Class Extractor


  • public class Extractor
    extends NativeObject
    Allows for extracting page-wide content of a PDF.
    • Constructor Detail

      • Extractor

        public Extractor()
    • Method Detail

      • extractText

        public void extractText​(Document inDoc,
                                Stream outStream)
                         throws java.io.IOException,
                                GenericException,
                                LicenseException,
                                ProcessingException

        Extract text from a PDF document

        Parameters:
        inDoc - The input PDF document.
        outStream - The stream to which output file the extracted text is written.
        Throws:
        LicenseException - The license check has failed.
        ProcessingException - The processing has failed.
        java.io.IOException - Writing to the output text file has failed.
        GenericException - A generic error occurred.
        java.lang.IllegalArgumentException - The firstPage or lastPage are not in the allowed range.
        java.lang.IllegalArgumentException - if inDoc is null
        java.lang.IllegalArgumentException - if outStream is null
      • extractText

        public void extractText​(Document inDoc,
                                Stream outStream,
                                TextOptions options)
                         throws java.io.IOException,
                                GenericException,
                                LicenseException,
                                ProcessingException

        Extract text from a PDF document

        Parameters:
        inDoc - The input PDF document.
        outStream - The stream to which output file the extracted text is written.
        options - The option object that controls the text extraction.
        Throws:
        LicenseException - The license check has failed.
        ProcessingException - The processing has failed.
        java.io.IOException - Writing to the output text file has failed.
        GenericException - A generic error occurred.
        java.lang.IllegalArgumentException - The firstPage or lastPage are not in the allowed range.
        java.lang.IllegalArgumentException - if inDoc is null
        java.lang.IllegalArgumentException - if outStream is null
      • extractText

        public void extractText​(Document inDoc,
                                Stream outStream,
                                TextOptions options,
                                java.lang.Integer firstPage)
                         throws java.io.IOException,
                                GenericException,
                                LicenseException,
                                ProcessingException

        Extract text from a PDF document

        Parameters:
        inDoc - The input PDF document.
        outStream - The stream to which output file the extracted text is written.
        options - The option object that controls the text extraction.
        firstPage -

        Optional parameter denoting the index of the first page to be copied.

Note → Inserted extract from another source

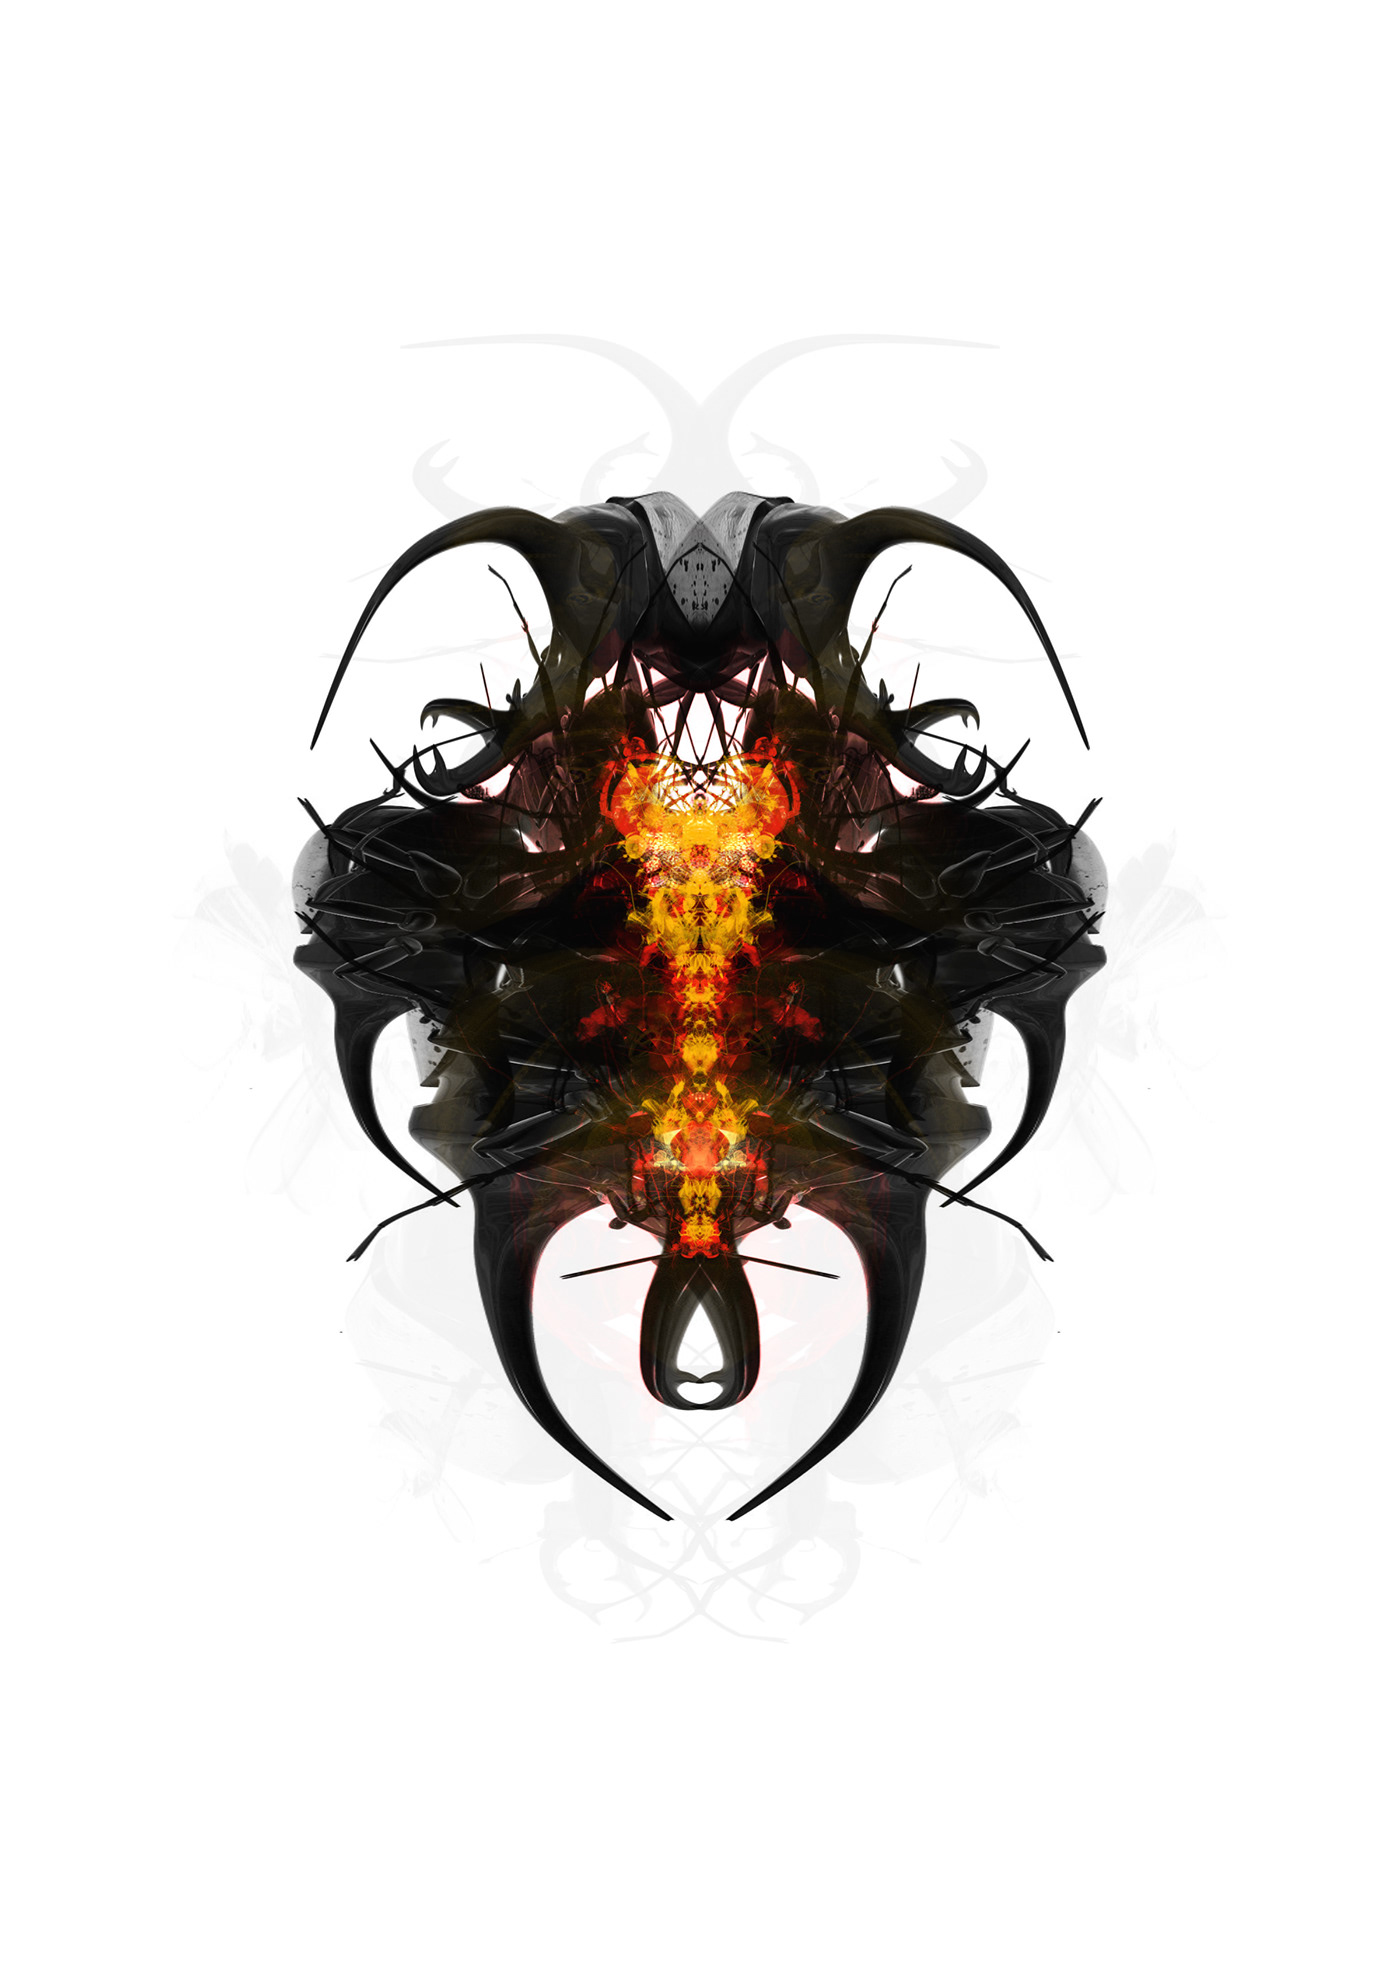 biology biomimicry design art graphic molecular morph symmetry code generative

This index is one-based. If set, the number must be in the range of 1 (first page) to pdftools.pdf.Document.getPageCount (last page).

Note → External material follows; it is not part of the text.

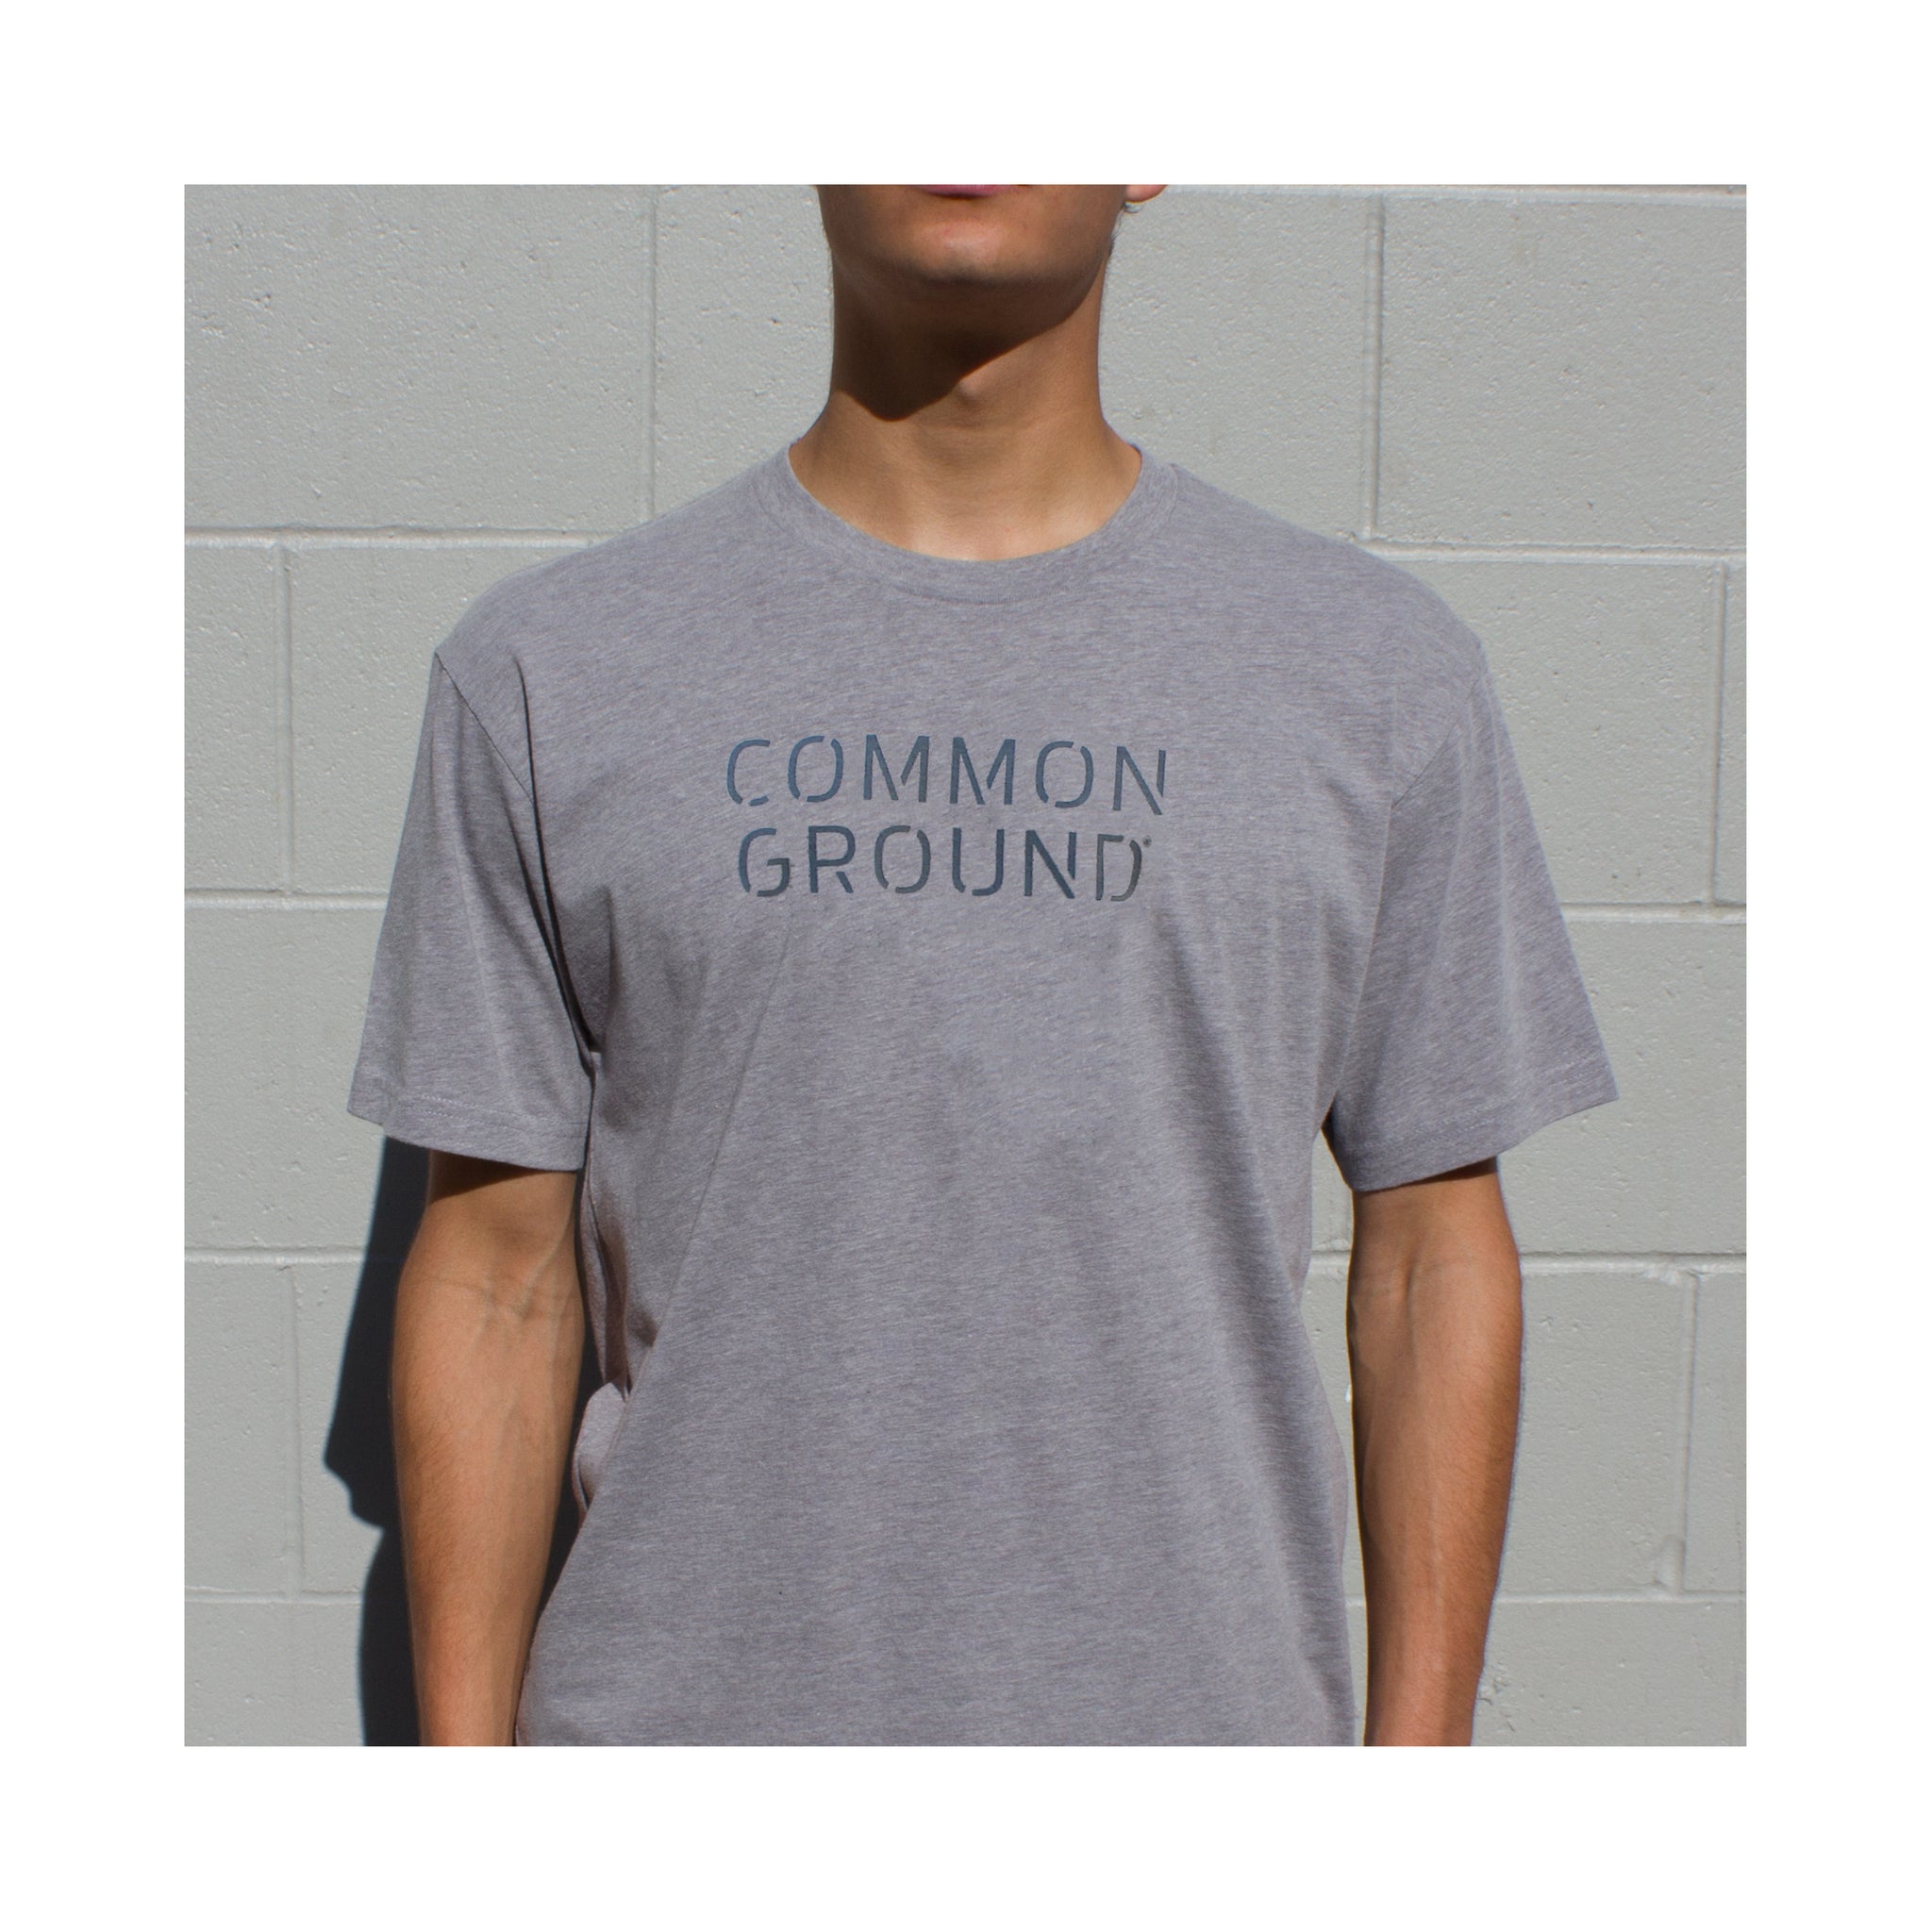 Dark_Heather_Gray - Common Ground T shirt Front on Model

        If not set, 1 is used.

        Throws:
        LicenseException - The license check has failed.
        ProcessingException - The processing has failed.
        java.io.IOException - Writing to the output text file has failed.
        GenericException - A generic error occurred.
        java.lang.IllegalArgumentException - The firstPage or lastPage are not in the allowed range.
        java.lang.IllegalArgumentException - if inDoc is null
        java.lang.IllegalArgumentException - if outStream is null
      • extractText

        public void extractText​(Document inDoc,
                                Stream outStream,
                                TextOptions options,
                                java.lang.Integer firstPage,
                                java.lang.Integer lastPage)
                         throws java.io.IOException,
                                GenericException,
                                LicenseException,
                                ProcessingException

        Extract text from a PDF document

        Parameters:
        inDoc - The input PDF document.
        outStream - The stream to which output file the extracted text is written.
        options - The option object that controls the text extraction.
        firstPage -

        Optional parameter denoting the index of the first page to be copied. This index is one-based. If set, the number must be in the range of 1 (first page) to pdftools.pdf.Document.getPageCount (last page).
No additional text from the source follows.